--- START ---

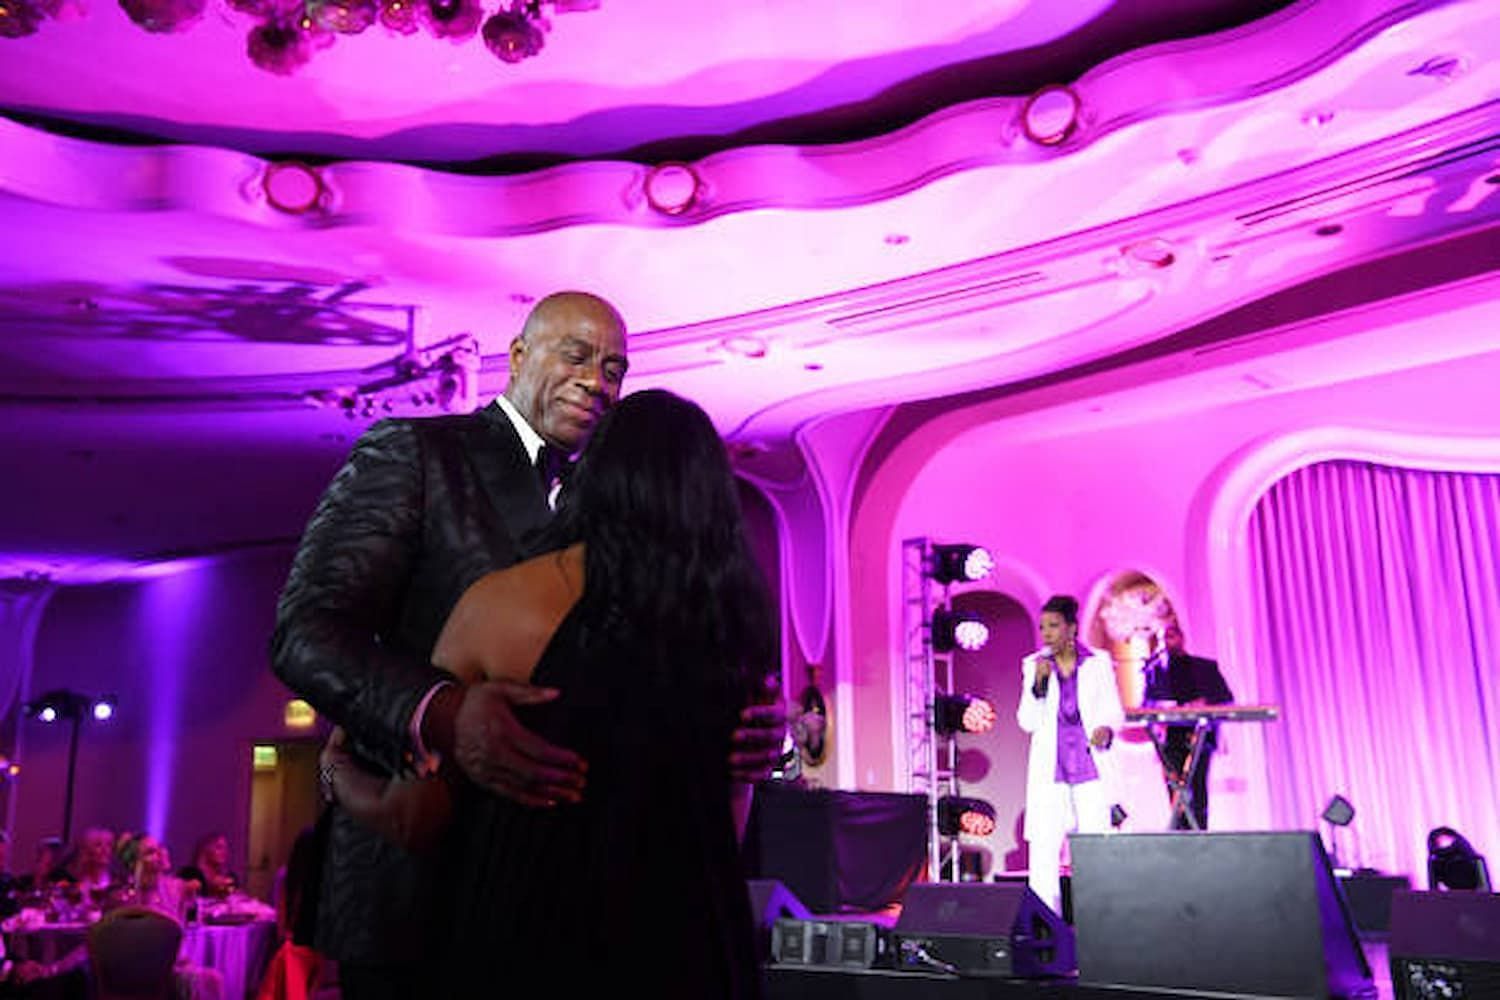 Magic Johnson dancing with wife Cookie Johnson during the Elizabeth Taylor Ball to End AIDS
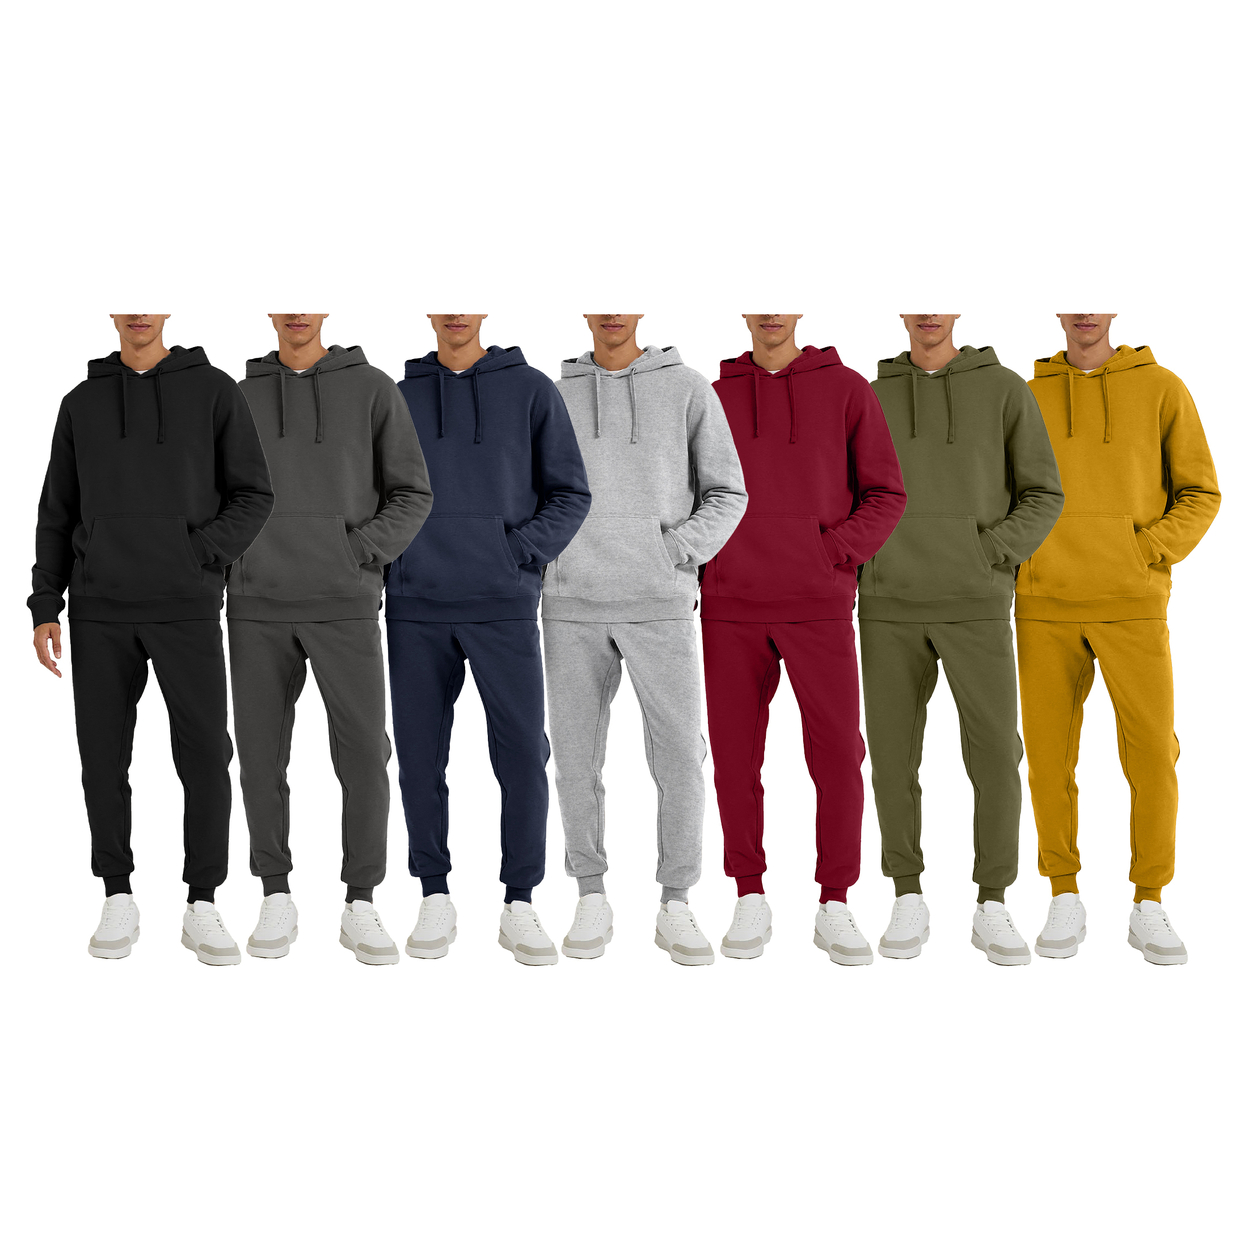 Multi-Pack: Men's Big & Tall Athletic Active Jogging Winter Warm Fleece Lined Pullover Tracksuit Set - Charcoal, 1-pack, Medium
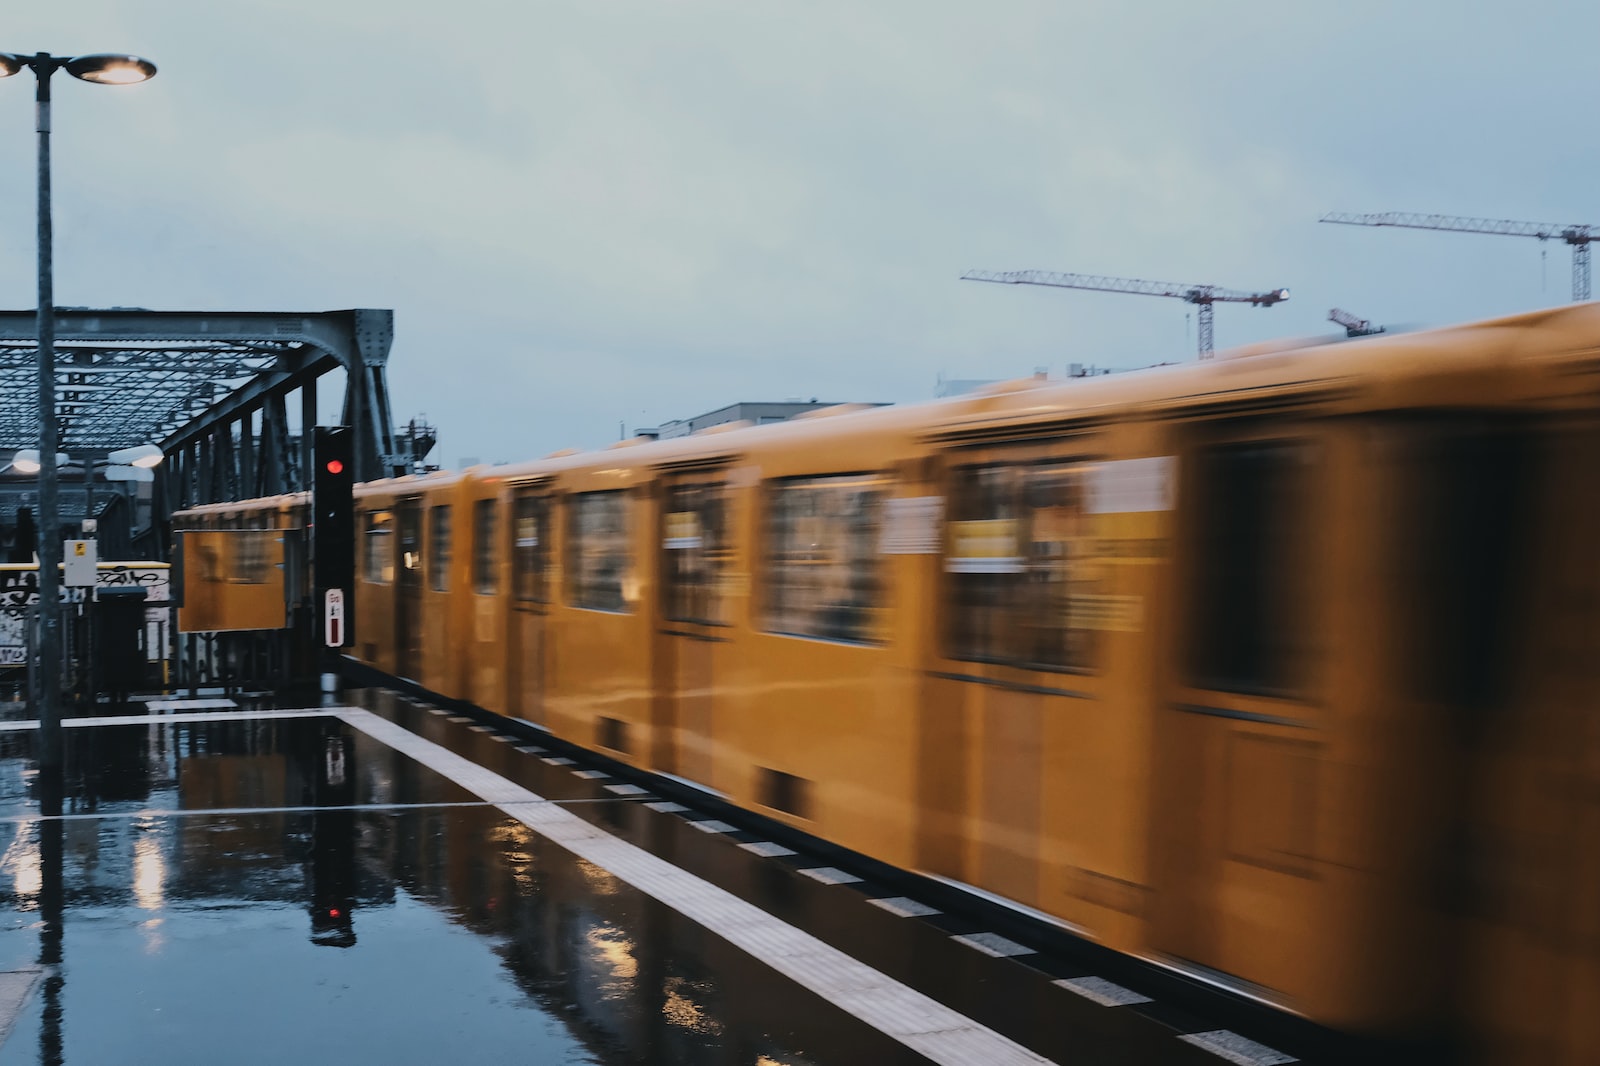 Blurry yellow ubahn moving outside under a grey sky
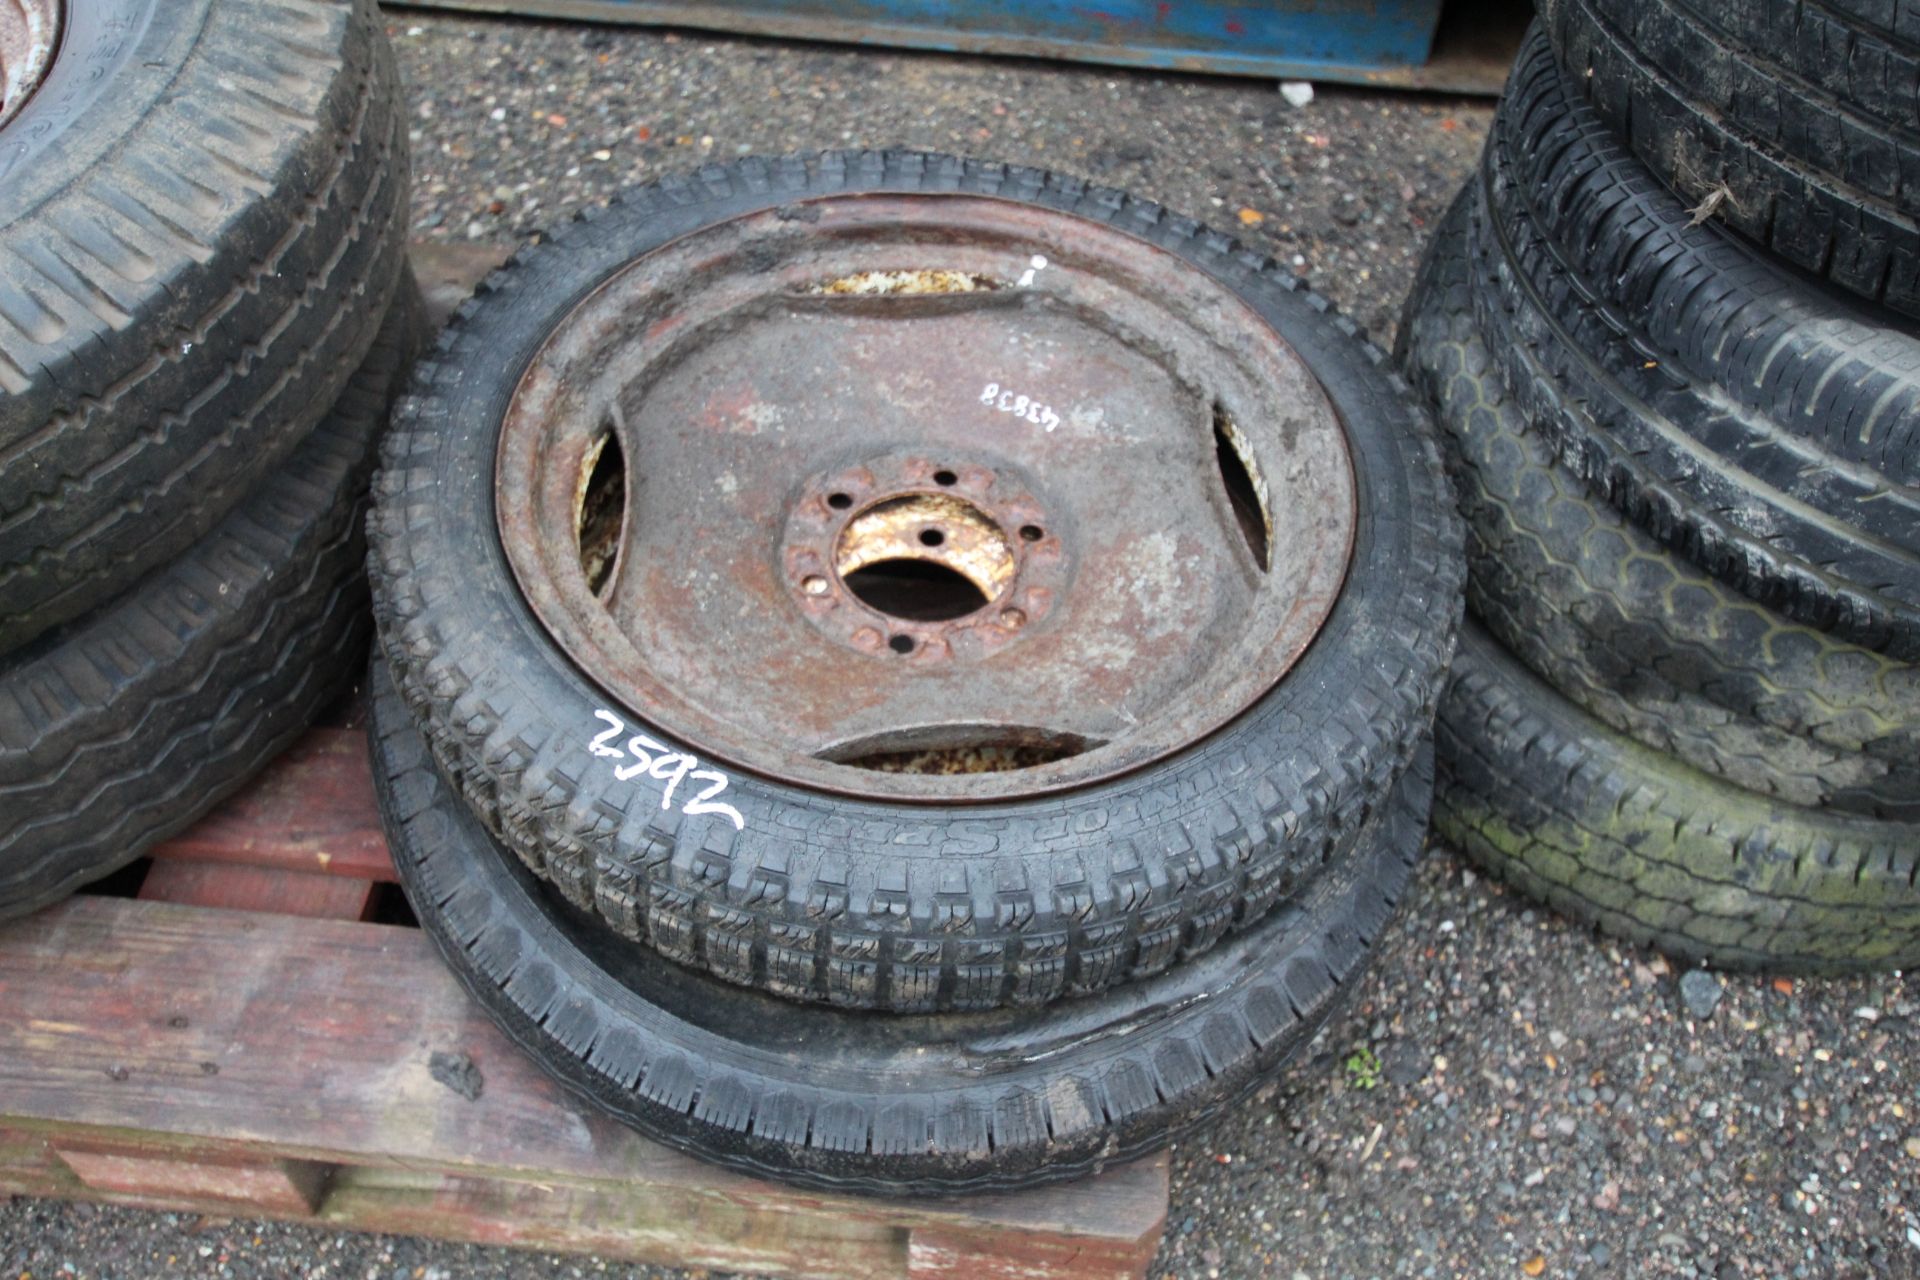 2x Ferguson front wheels and tyres. V

--- END ---

*Aim of the exercise*
Here the job is to print the data above exactly, except for any pictures.

*Answer to this task*
 Magic Johnson dancing with wife Cookie Johnson during the Elizabeth Taylor Ball to End AIDS
 Multi-Pack: Men's Big & Tall Athletic Active Jogging Winter Warm Fleece Lined Pullover Tracksuit Set - Charcoal, 1-pack, Medium
 Blurry yellow ubahn moving outside under a grey sky
 2x Ferguson front wheels and tyres. V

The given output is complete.